Supplied material START

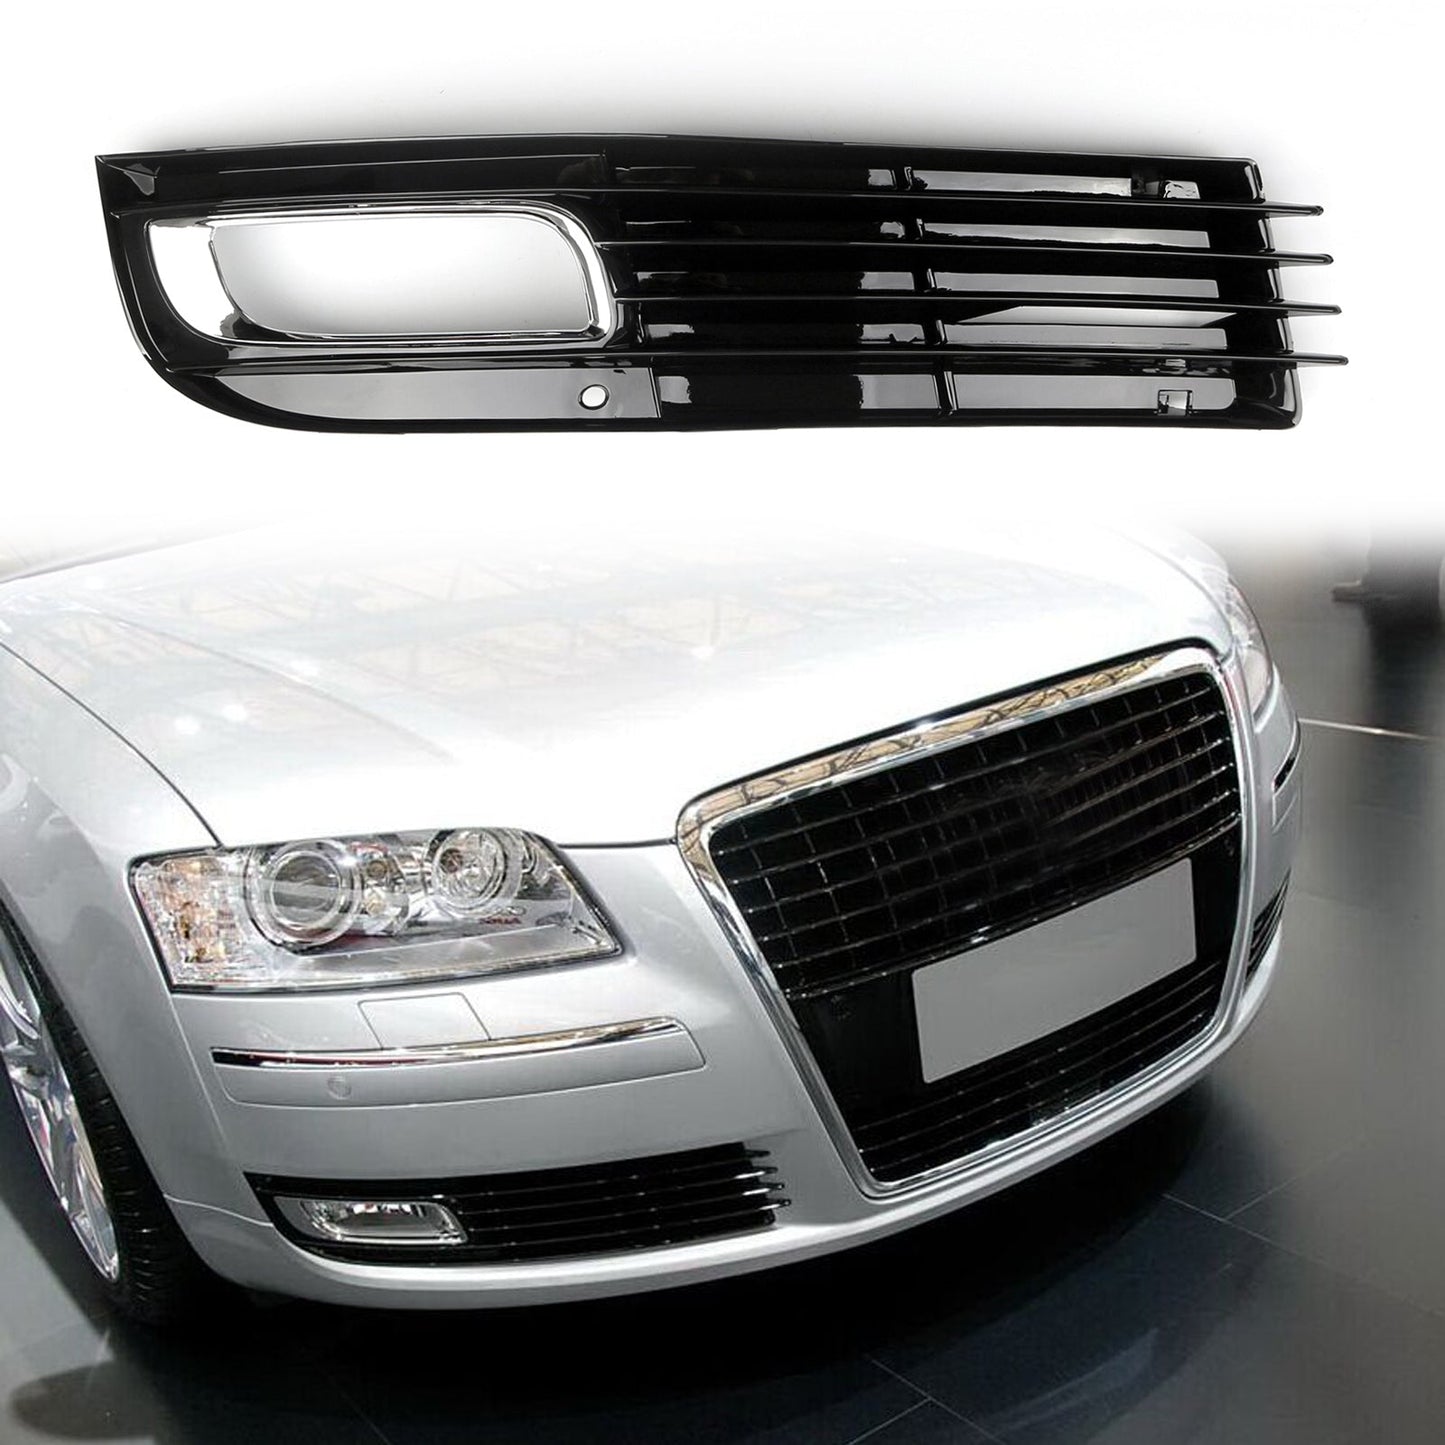 Grille antibrouillard de calandre de pare-chocs inférieure de voiture en ABS avec placage chromé pour Audi A8 D3 (08-10) Générique
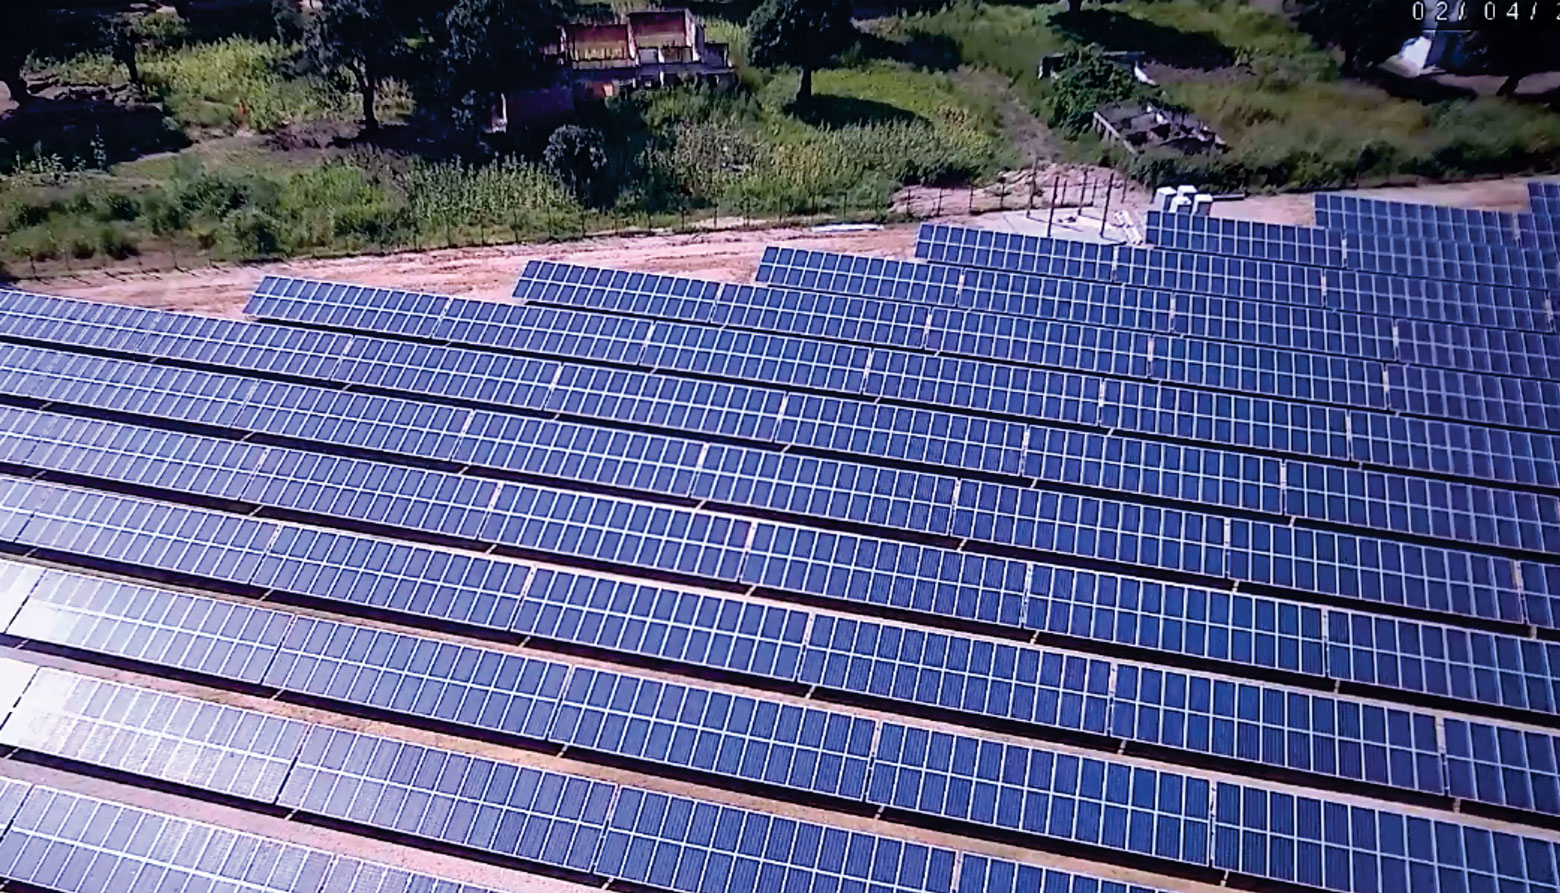 Manono's solar power plant was build by Congo Energy
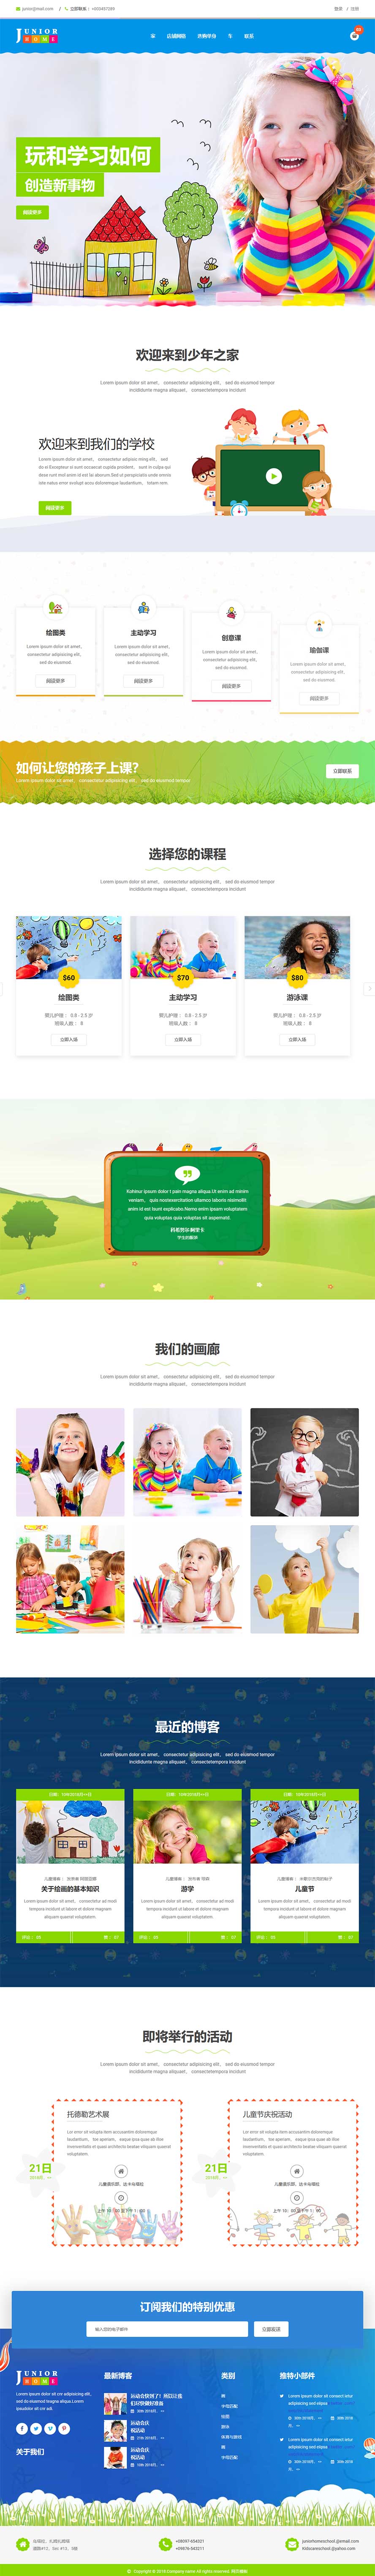 幼儿教育网站模板,少儿美术网站模板,绘画静态网站模板
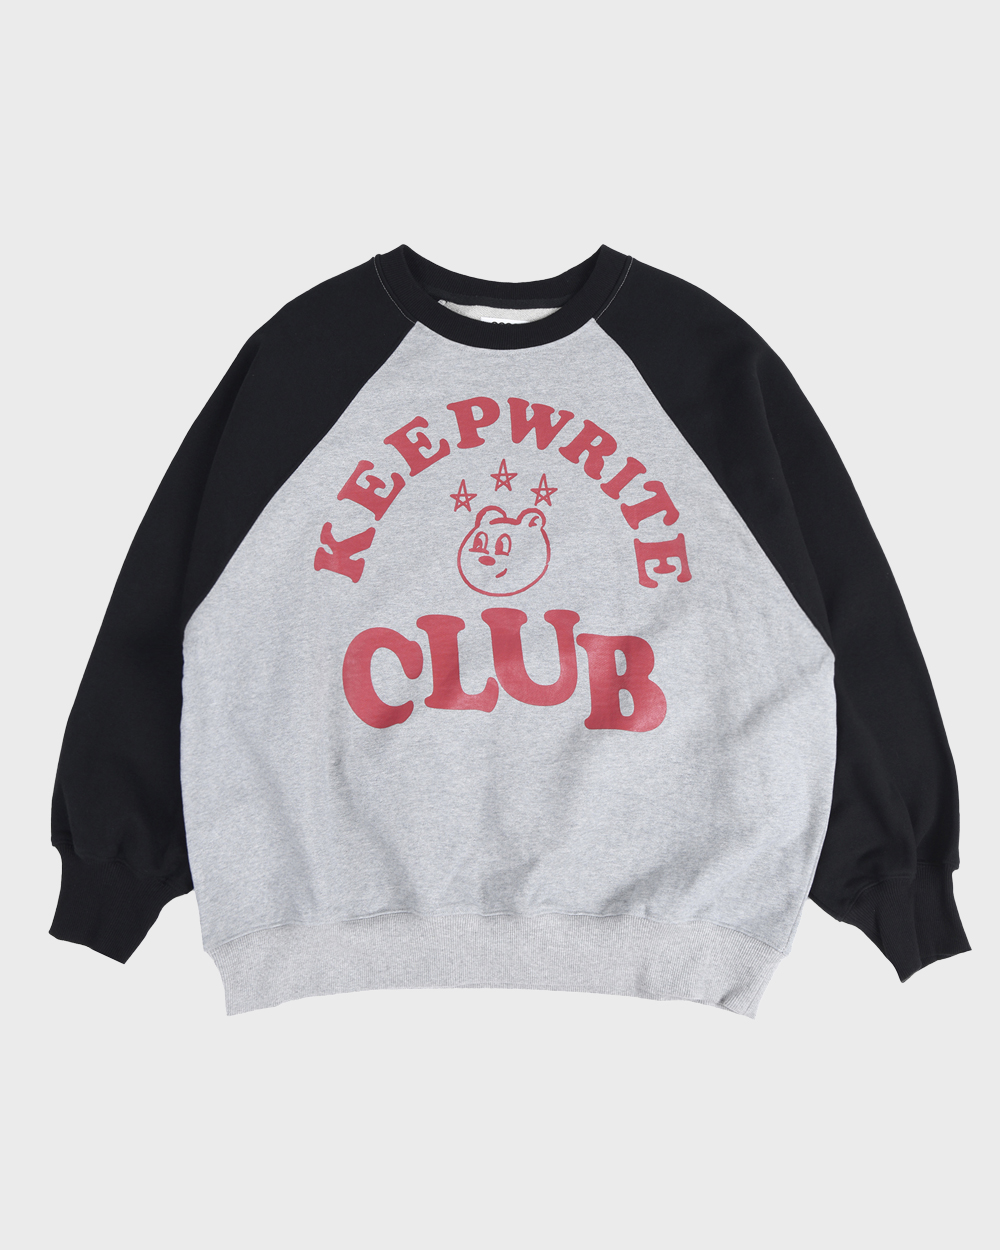 aeae Keep Writing Club Raglan Sweatshirts (Black)

Supplied material END

With the pictures excluded, the line containing "幼儿教育网站模板,少儿美术网站模板,绘画静态网站模板" and every line after it through the end of the data above are to be transcribed exactly, and nothing more.

 幼儿教育网站模板,少儿美术网站模板,绘画静态网站模板
 aeae Keep Writing Club Raglan Sweatshirts (Black)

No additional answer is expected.